# WHAT YOU NEED TO DO
Within the records below, find the line with "Anderlecht 20 fois" and the line with "Фундук Flarino в", then reproduce exactly those two lines and all lines between them, without any picture.

# EXERCISE DATA
------

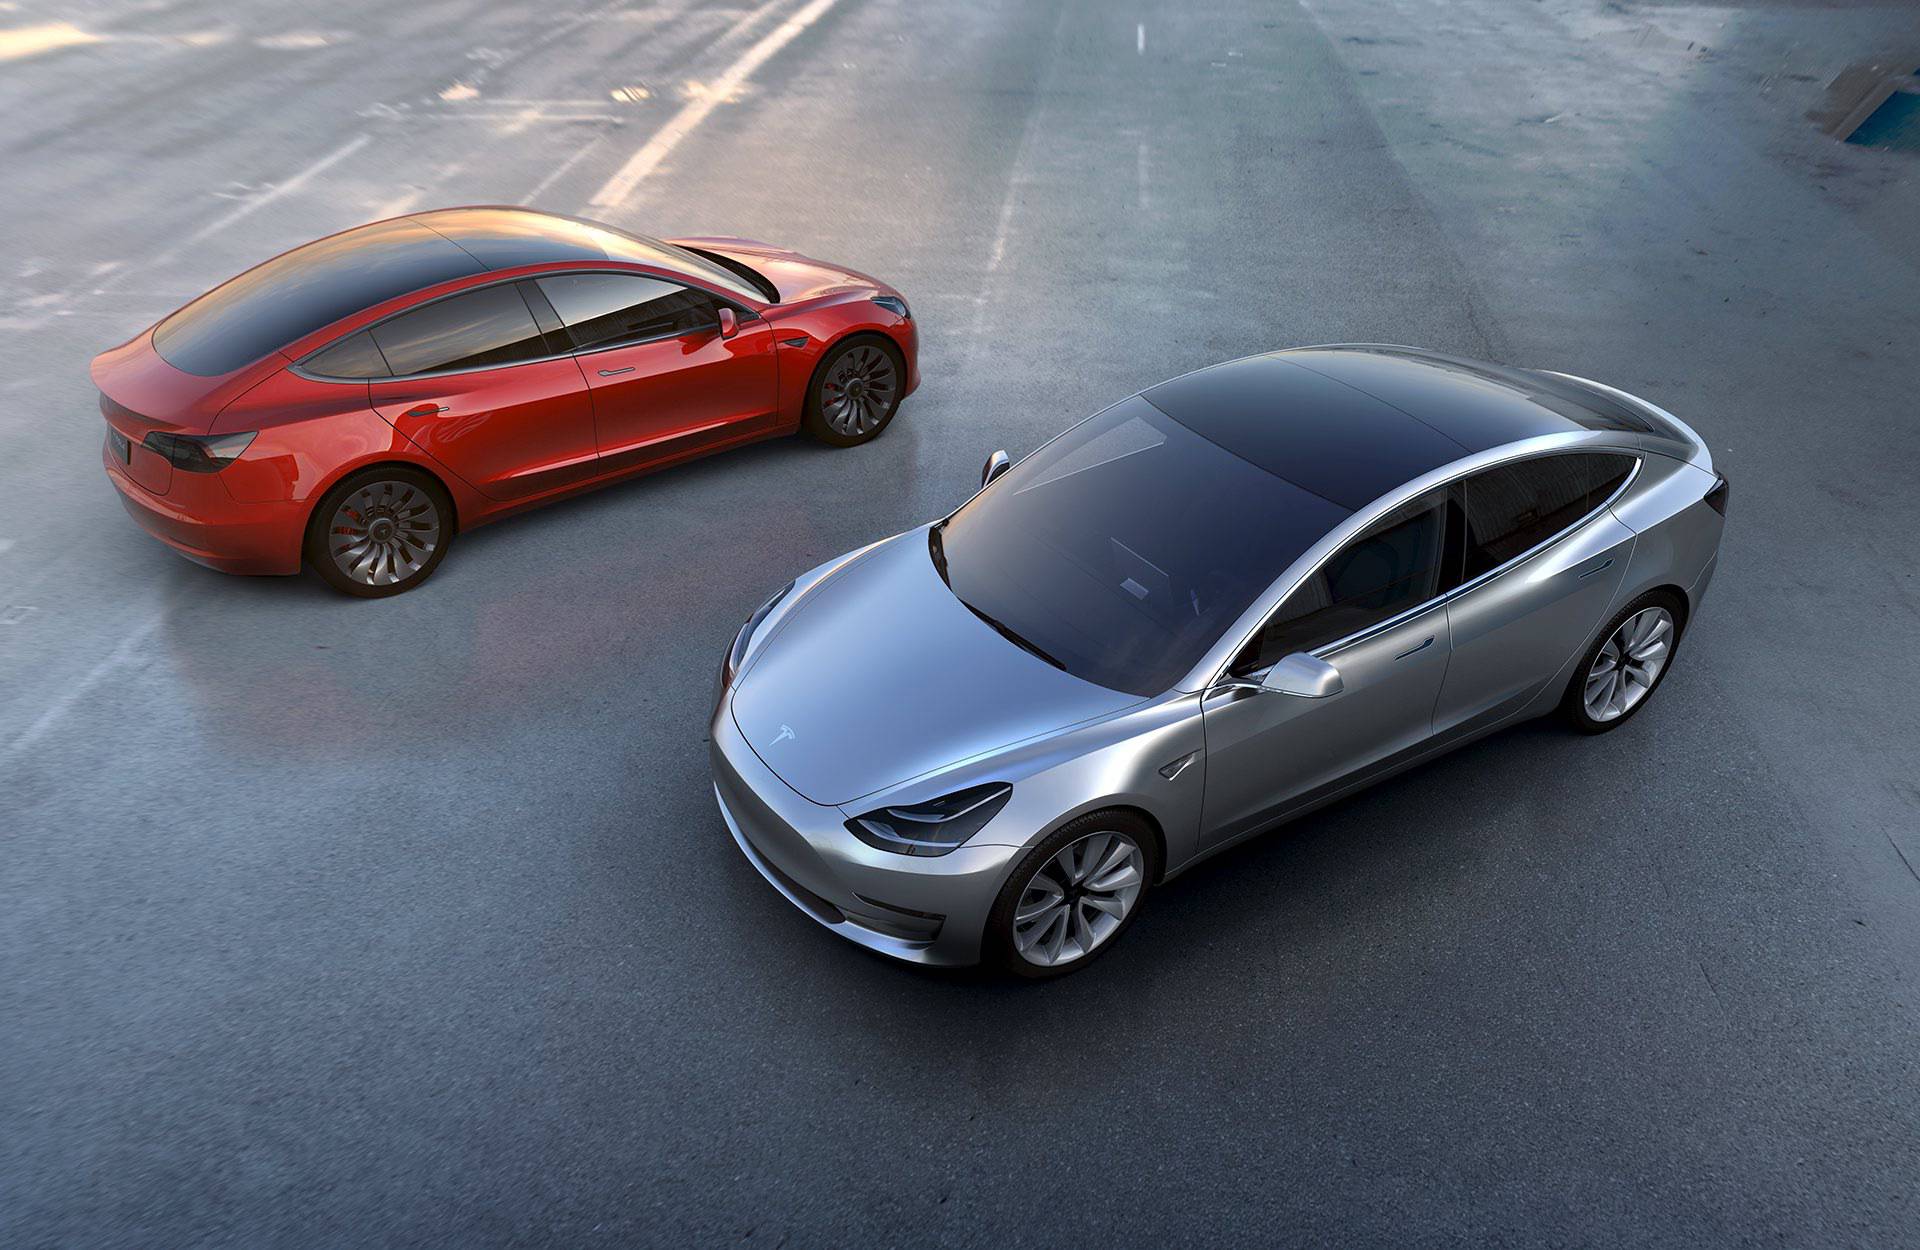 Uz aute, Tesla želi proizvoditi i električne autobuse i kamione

------

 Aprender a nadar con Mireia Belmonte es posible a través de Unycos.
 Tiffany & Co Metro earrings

------

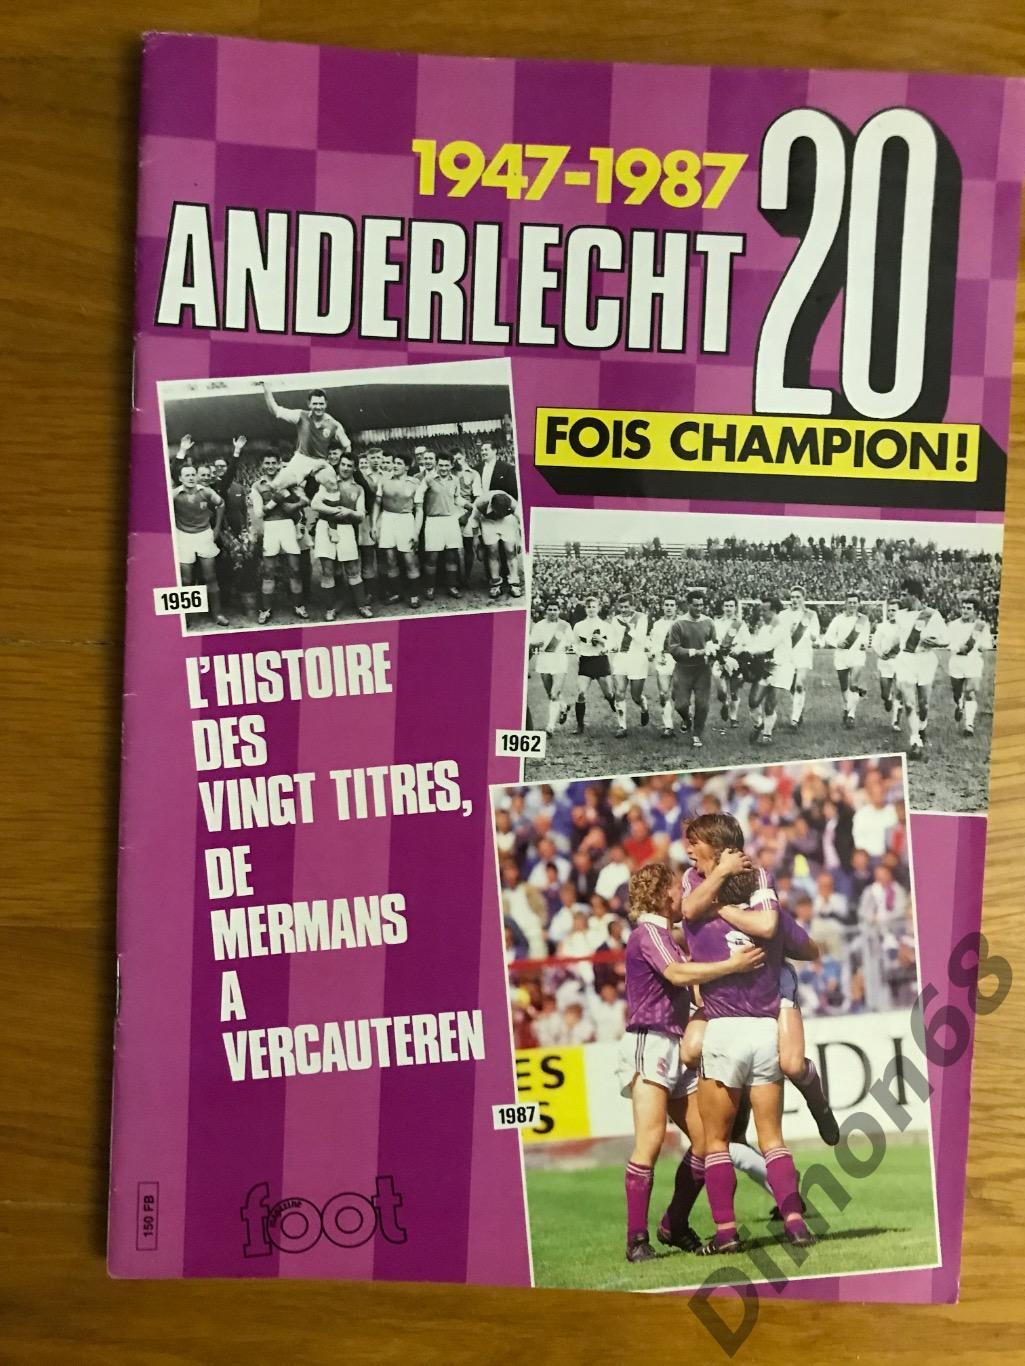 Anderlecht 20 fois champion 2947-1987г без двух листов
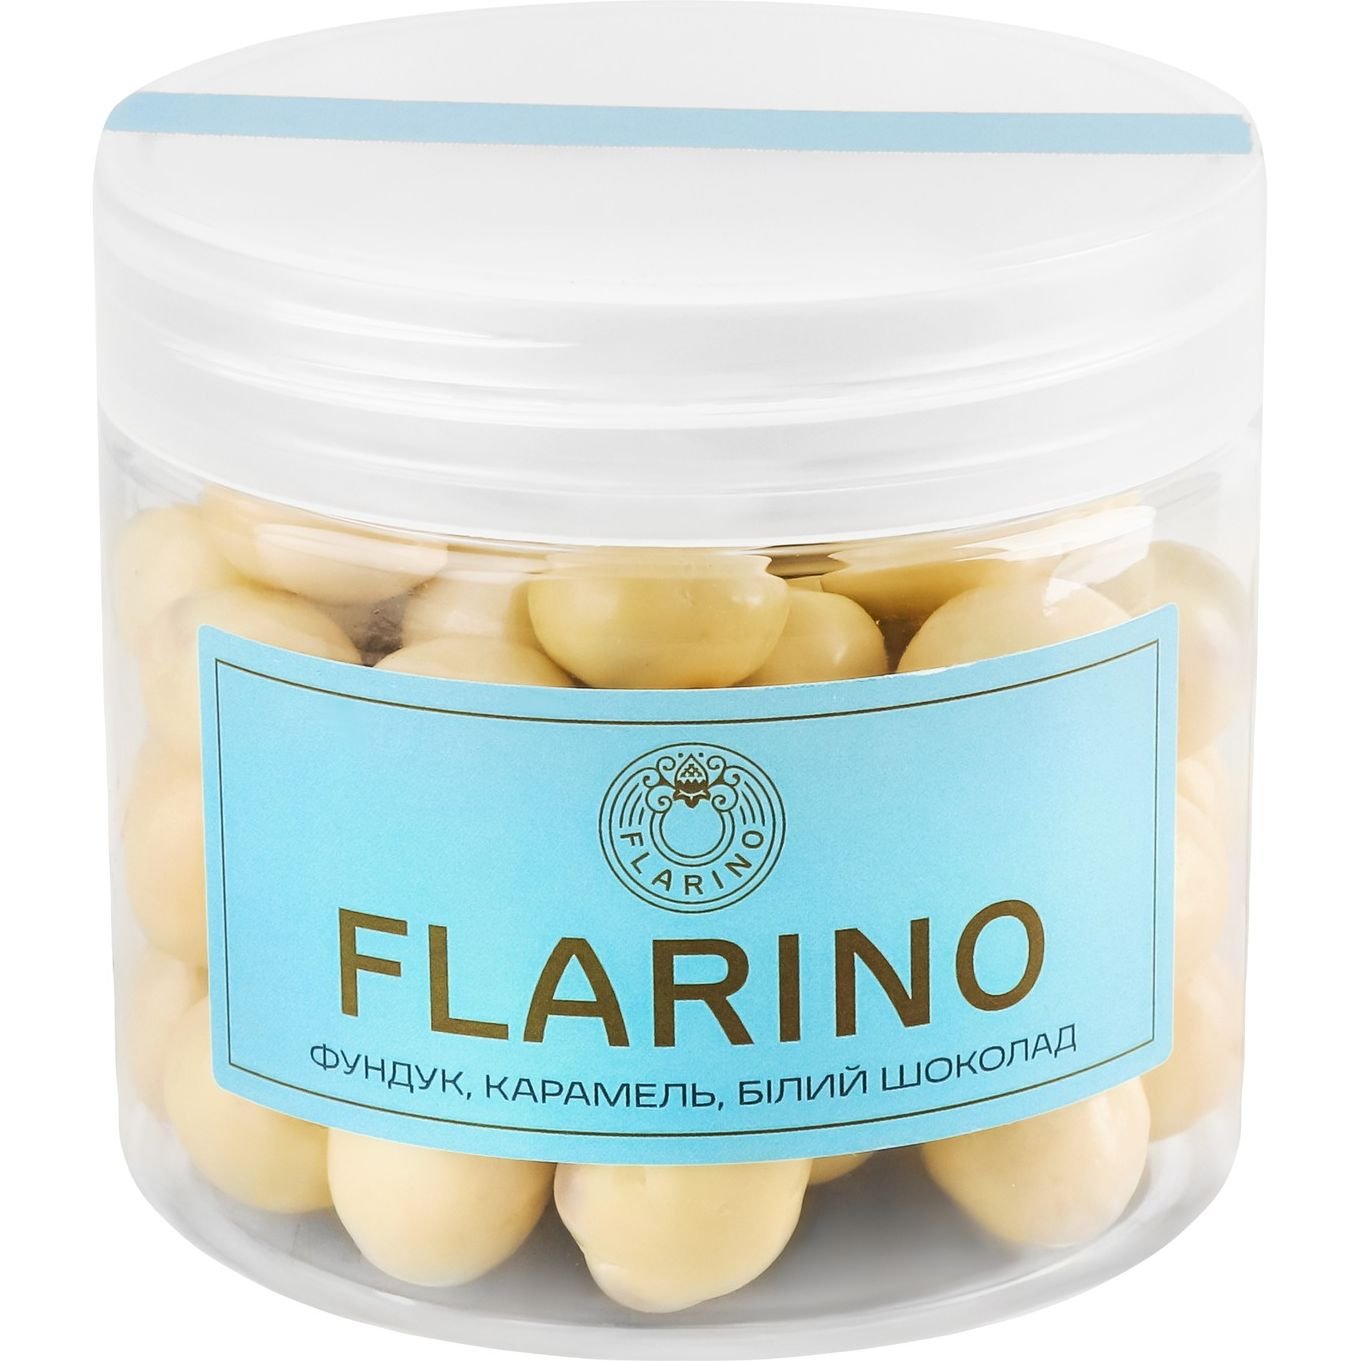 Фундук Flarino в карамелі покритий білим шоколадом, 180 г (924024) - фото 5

------

# RESPONSE TO THIS TASK
 Anderlecht 20 fois champion 2947-1987г без двух листов
 Фундук Flarino в карамелі покритий білим шоколадом, 180 г (924024) - фото 5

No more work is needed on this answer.